Die Flurnamen lassen sich von verschiedenen Seiten betrachten. Hier einige Beispiele, beginnen mit dem Namen Schwarze Brücke, den Namen, den fast jeder kennt. Ein Schwarzbau aus dem 19. Jahrhundert!

Die Schwarze Brücke überquerte die alte Kommunalstraße von Hembsen nach Bökendorf. Sie war vom Grafen Asseburg errichtet worden, um das Schloss Hainhausen mit der Hinnenburg direkt zu verbinden. Sein Plan war es, ausschließlich auf eigenem Terrain von Schoss Hinnenburg zum Landsitz nach Hainhausen fahren zu können. Die Stadt Brakel führte in den 1880er Jahren einen Prozess bis vor das Oberlandesgericht in Hamm, weil das Bauwerk mit einer Höhe von 4,20 Meter den Durchgangsverkehr für höchstbeladene Erntefuhrwerke behinderte. Der Graf musste die Brücke abbrechen und übrig geblieben sind Mauerreste auf der östlichen Seite, die später als Bodendenkmal eingetragen wurden. Holzteile der geplante Brücke liegen im östlichen Bereich.  

 

Als Kulturnamen können diese gesehen werden (Sie stehen für Wege, Nutzungsarten, Einfriedung usw.) :

"Anger", "Ausschachtung", "Brede", "Derborn", "Hagen", "Hoppengrund", "Kamp", "Wanne", "Heine-/Heideberg"
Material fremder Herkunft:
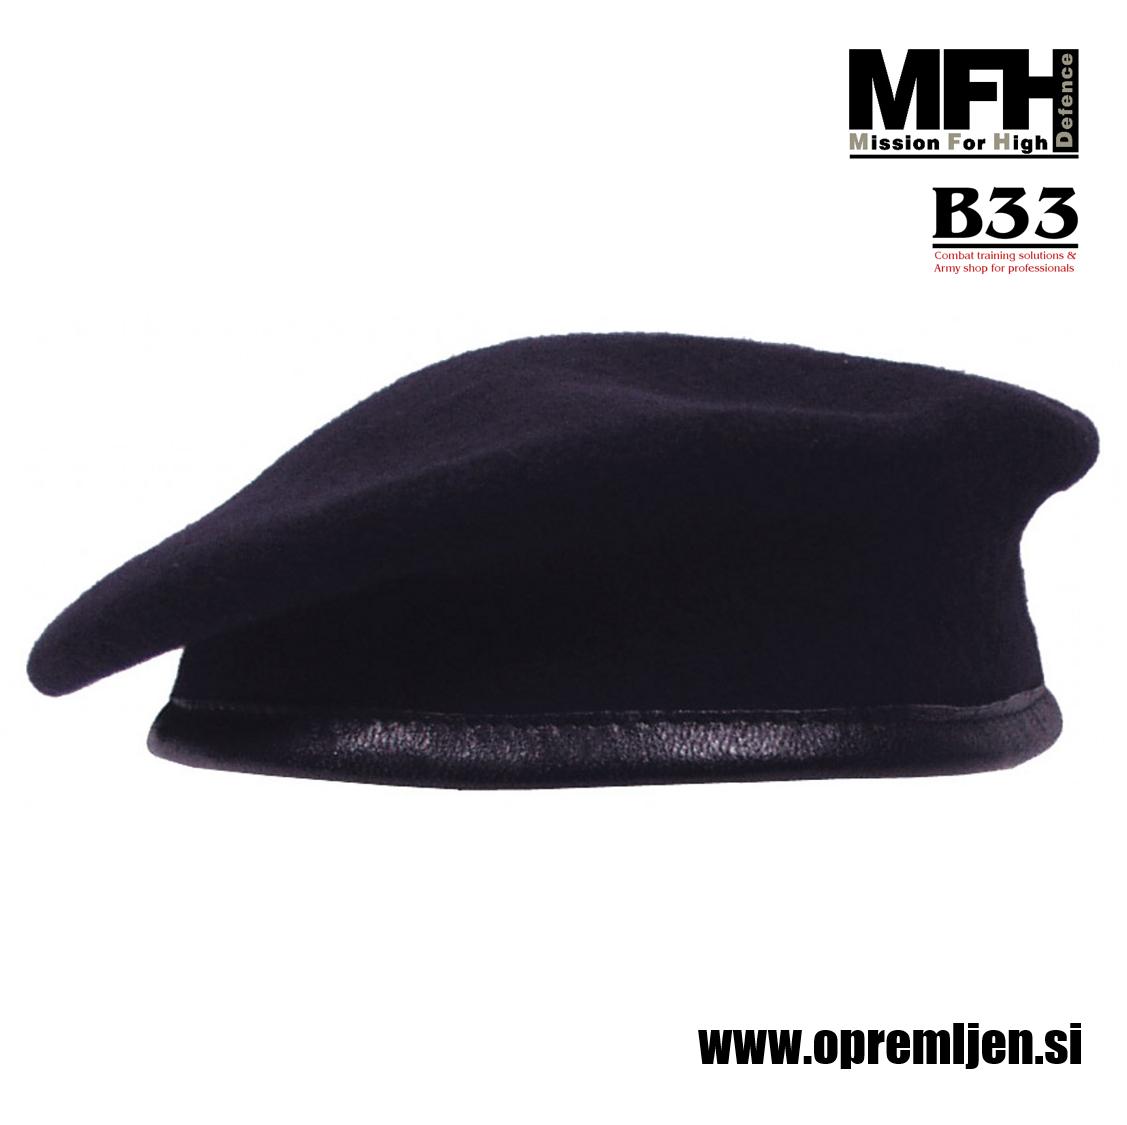 Vojaška baretka modre barve MFH (model francoska komando baretka) by B33 army shop at www.opremljen.si

Für Wasser stehen diese Namen (Sie sind in Brakel weit verbreitet, weil weite Gebiete vernässt waren):

"Beke" (Bachlauf), "Born" (Wasserstelle), "Siek" (feuchtes Grünland, später Ackerboden), "Bruch" (feuchtes Gebiet)
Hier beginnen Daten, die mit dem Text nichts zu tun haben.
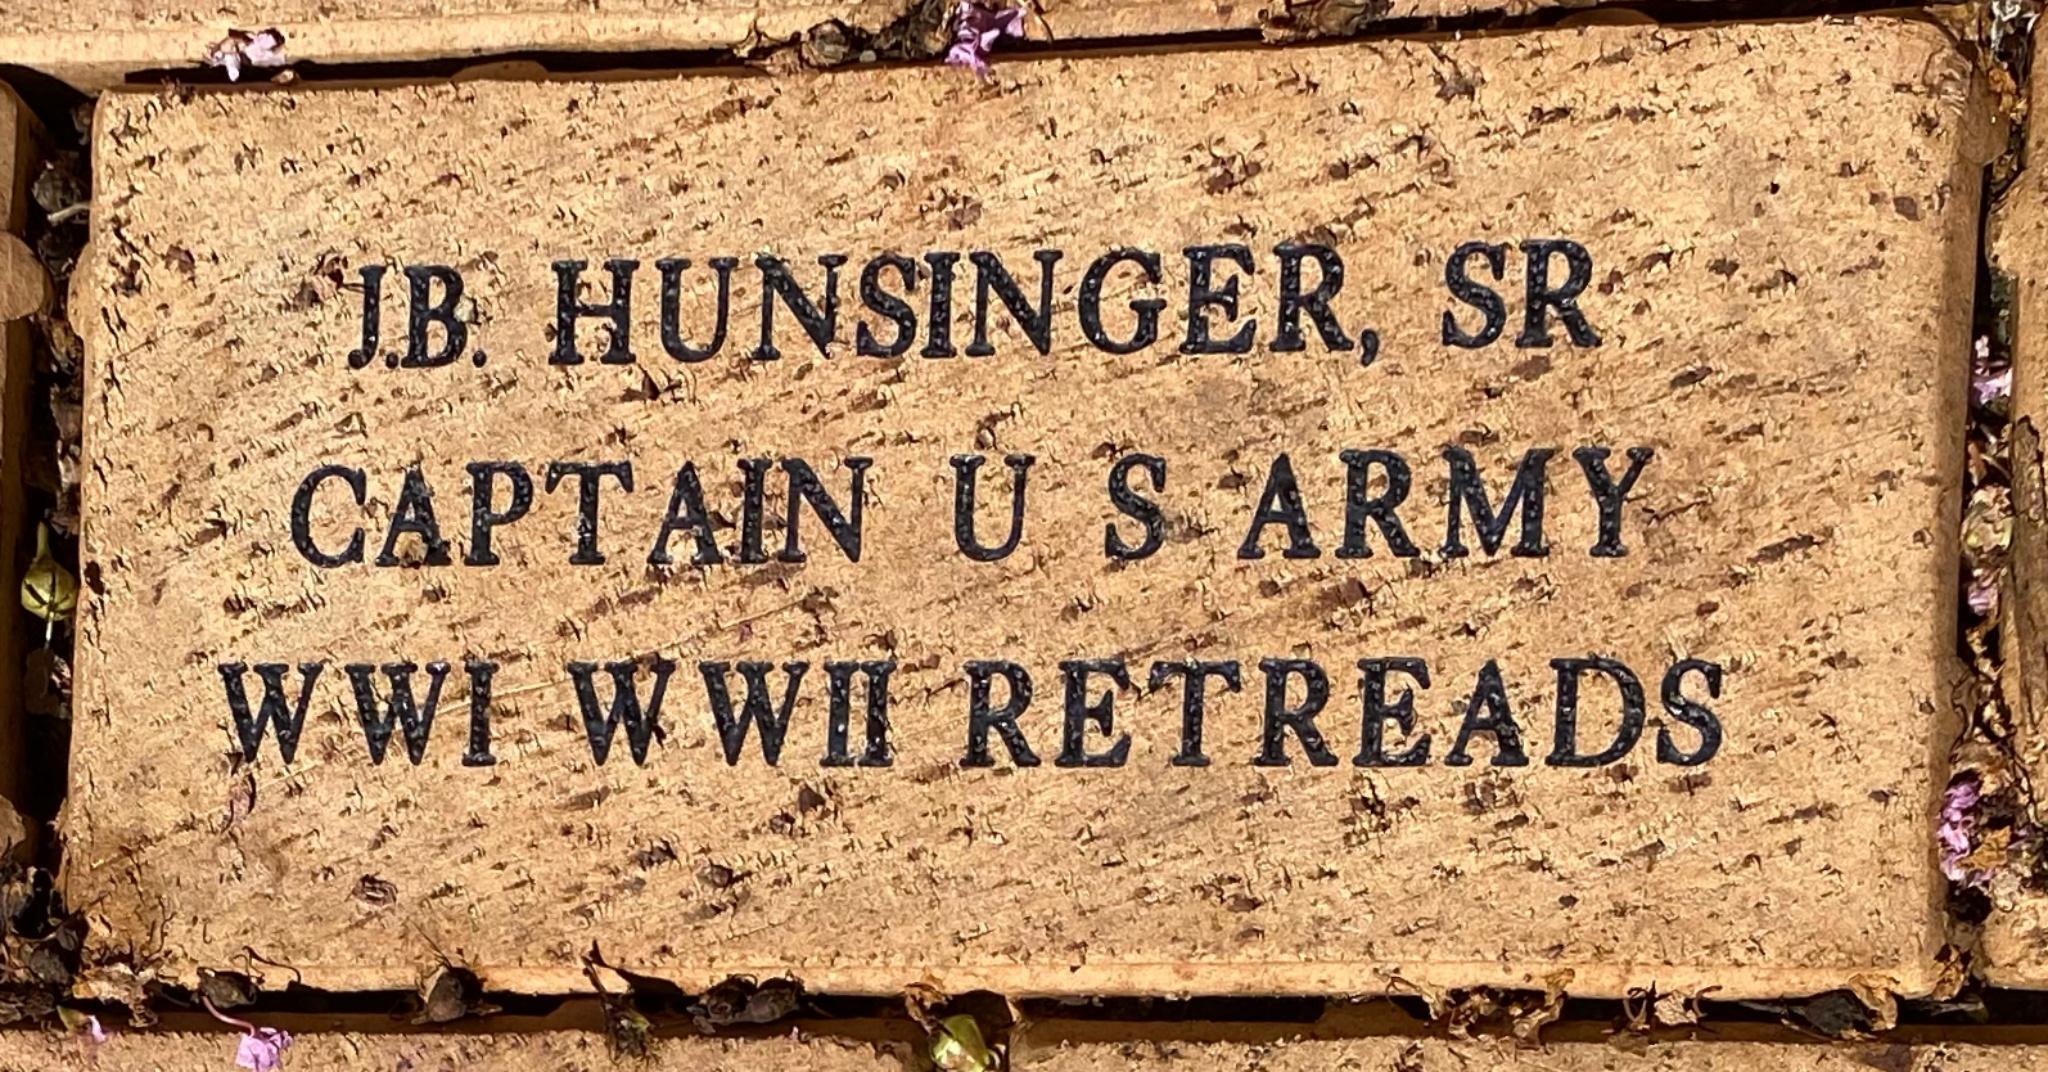 J.B. HUNSINGER, SR CAPTAIN U S ARMY WWI WWII RETREADS

Auf Naturformen/Geländeformen weisen diese Namen hin:

"Grund" (weites Tal), "Lieth" (lange unkulttiviert), "Wilde Haus" (unwirtliche Lage), "Wort" (Anhöhe), "Dahl" (Tal)

Auf menschlich Zweckbestimmungen weisen diese Namen hin:

"Fillerkuhle" (Abdeckerei, Schlachtabfälle), "Hoblitz Höhlen" (von Personen mit Namen Hoblitz als Versteck benutzt) 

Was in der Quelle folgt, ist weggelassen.